Я бесшумно, вспомнив всё, чему учили в Рязанском училище, а потом чему научила новая война, двинулся дальше, используя любые укрытия: кусты, стволы деревьев, завалы из бурелома. На очередной полусотне метров заметил ещё троих. Один держал пистолет, стреляя хаотично в сторону амбара и выглядывая из-за дерева. Другой что-то кричал, видимо, приказывая. Третий залёг за корягой, укрываясь от ответного огня. Этот был ближе всех, и я решился.
Подкрался так тихо, что он даже не повернул голову. Короткое движение – кинжал полоснул по сонной артерии. Второй, услышав хрип, обернулся, но я уже набросился, ударив его рукоятью танто по голове. Прямо в лоб, точнёхонько попал. Он повалился на спину, теряя сознание. Ещё одно короткое движение, и сталь достигла сердца.
Остался последний. Тот, что командовал. Этот был и одет получше (не выглядел, как нищий на ярмарке), и оснащён. Я заметил у него на груди аппарат, который никак не ожидал тут увидеть – немецкий МП-40, или попросту «шмайссер», как его привыкли называть на фронте – это память Оленина подсказала. Хунхуз заметил меня слишком поздно. Взгляд – полный ненависти. Я бросился вперёд, перекатом уйдя от выстрела, и, поднявшись на ноги, выбил пистолет. Быстрый удар коленом в живот, а затем завершающий – кинжалом в грудь. Вражина оказался жилист и силён: схватился за мои ладони, сжимающие рукоять, глядя широко раскрытыми глазами. Что-то прохрипел, потом повалился мешком.
Всё затихло вокруг. Были слышны лишь далёкие одиночные выстрелы с другой стороны, там где рисовые поля. Они напоминали, что бой всё ещё не окончен. Я стер кровь с клинка и двинулся дальше. Нужно было вернуться к амбару. С этой стороны, судя по всему, нападающих больше нет. Кончились.

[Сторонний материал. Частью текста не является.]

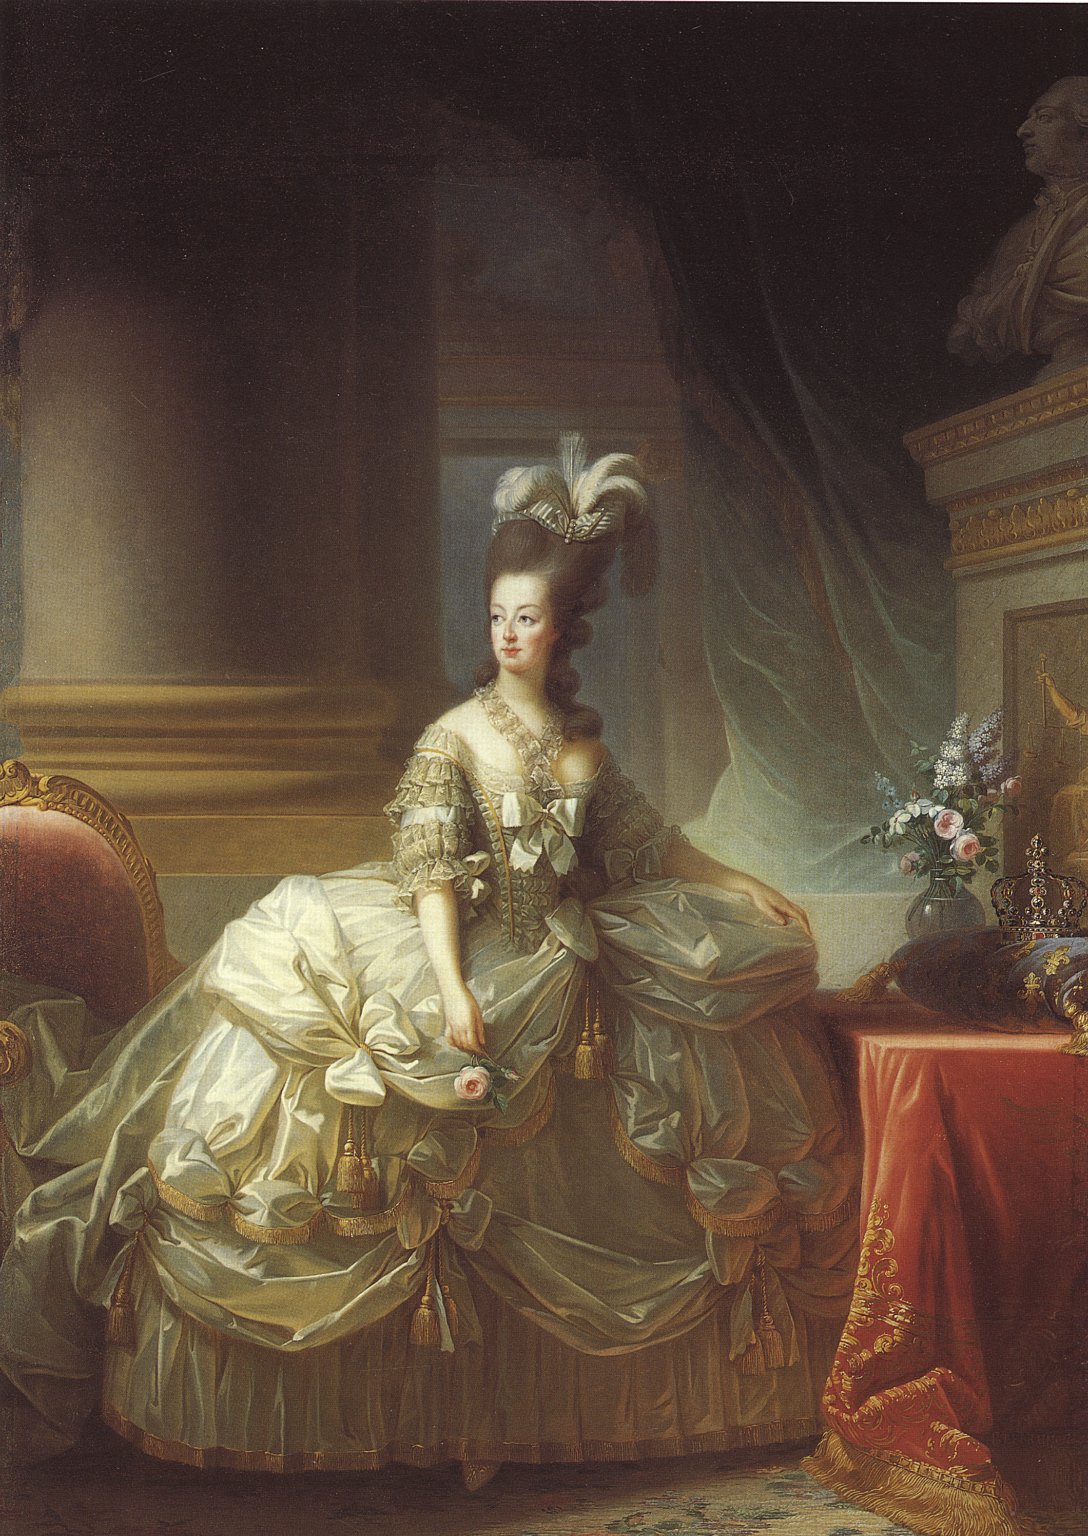 Elisabeth Vigée Lebrun, Marie Antoinette, 1778, oil on canvas, Kunsthistoriches Museum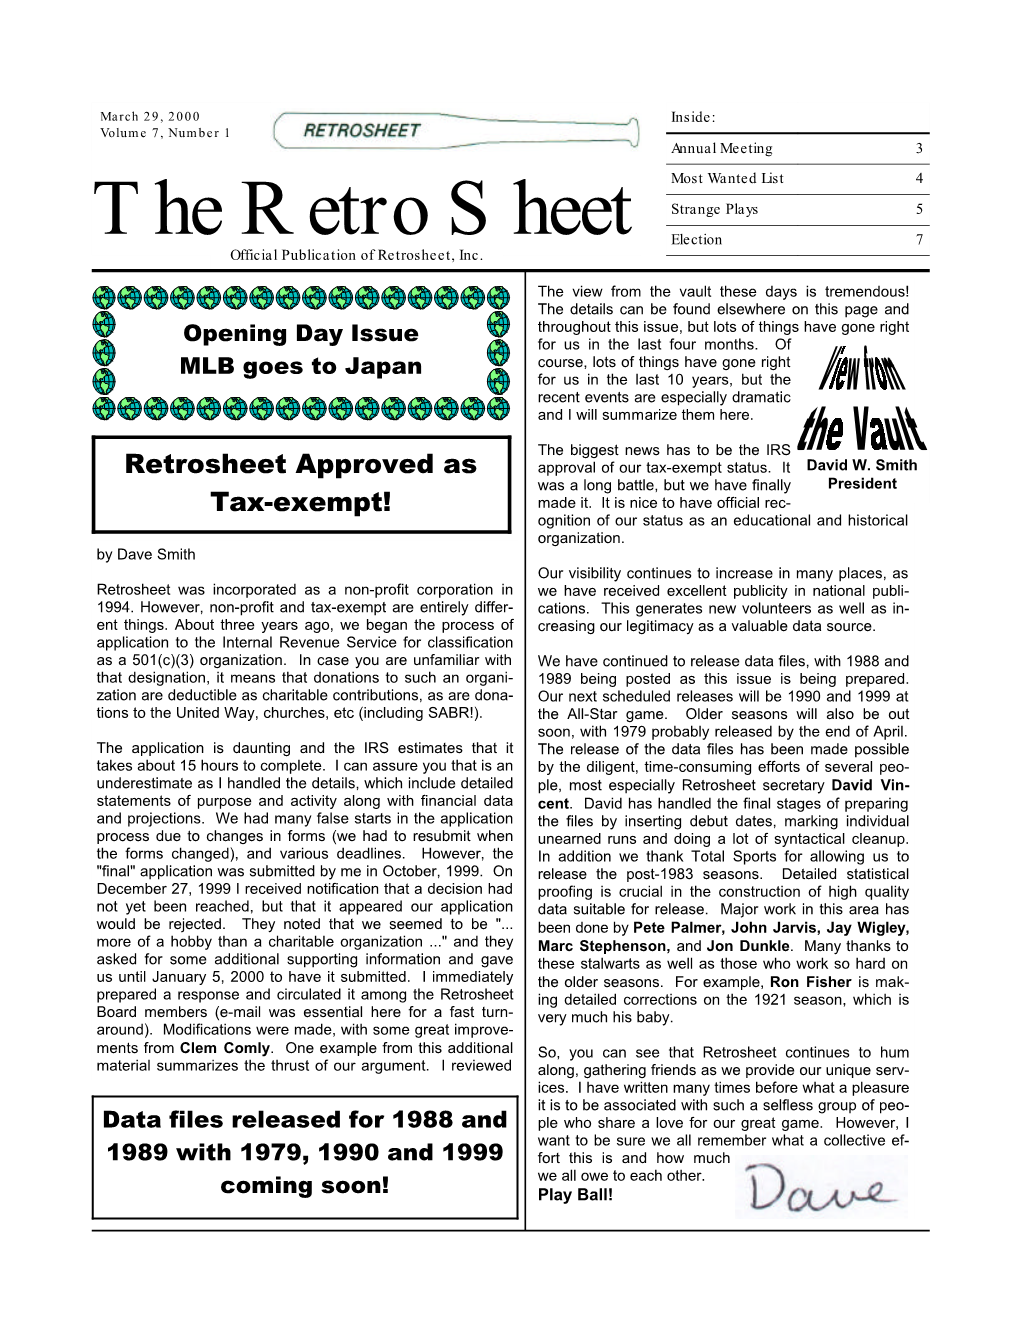 The Retro Sheet Election 7 Official Publication of Retrosheet, Inc

Я вышел из тайги, крикнув своим, чтобы не подстрелили случайно. Для этого высоко поднял руки, в правой держал ППС, чтобы за хунхуза не признали. Бойцы, на моё счастье, в отряде глазастые. Рассмотрели, кто перед ними. Наверное, облегчённо вздохнули даже, пока я быстро шёл к зданию. Дальше решил заглянуть в тыльную часть. Но оттуда, как ни странно, ни звука не раздавалось. Видать, у бандитов мозгов не хватило с этой стороны приблизиться. Не знаю, почему так не сделали. Может, просто тактической смекалки не хватило. Я вернулся к выходу. Осторожно выглянул за угол:
– Серёга, ты живой? – спросил с надеждой.
– Не дождёшься, – прозвучало в ответ. – Где тебя носило?
– Да так, – хмыкнул я. – Погода хорошая, прогулялся по лесочку. Думал, может, ягодки собираю. Страсть как малину люблю.
– Оленин, ты е***анулся совсем?! – не выдержал командир. – Мы тут под огнём противника, а ты… Как ещё в п***ду малина?!
– Остыньте, товарищ лейтенант! – прикрикнул я на опера, напомнив про то, кем являюсь «на самом деле».
Он прочистил горло.
– Виноват, товарищ полковник. Занесло.
– Короче, пошли троих бойцов прочесать те две части, где поля. Пусть Бадма заберётся на крышу амбара с таёжной стороны и прикрывает. Пленных не брать.
– Есть! – коротко ответил опер и метнулся в амбар.
Вскоре, воспользовавшись тем, что и со стороны рисовых полей огонь прекратился, туда выдвинулись Андрей Сурков и Остап Черненко. Жигжитов прикрывал их с крыши и работал на совесть. Едва туда забрался, как забухали выстрелы. Один, второй, третий, четвёртый… Потом всё стихло – видимо, цели у охотника кончились. Вскоре он спустился. Доложил о выполнении задания.
Внезапно неподалёку грохнул выстрел. Мы навели туда оружие. Но больше не бухало.
Неподалёку послышался какой-то то ли собачий вой, то ли бабий всхлип. Из-за кустов вышли Сурков и Черненко притащили Лэя Юньчжана. Он был весь грязный, как свинья.
– Нашли в рисовом чеке, – сообщил пулемётчик и показал на кровавую царапину на левой руке. – Стрелять пытался, сволочь.
– Рану перевязать, пленного в амбар, – распорядился Добролюбов, снова вспомнив, кто здесь формально главный. – Жигжитов, доложить о потерях.
Снайпер сбегал в здание, проверил. Вернулся:
– Потерь нет!
– Выставить боевое охранение, – добавил опер.
Мы прошли в амбар, продолжая слышать скулёж бывшего директора.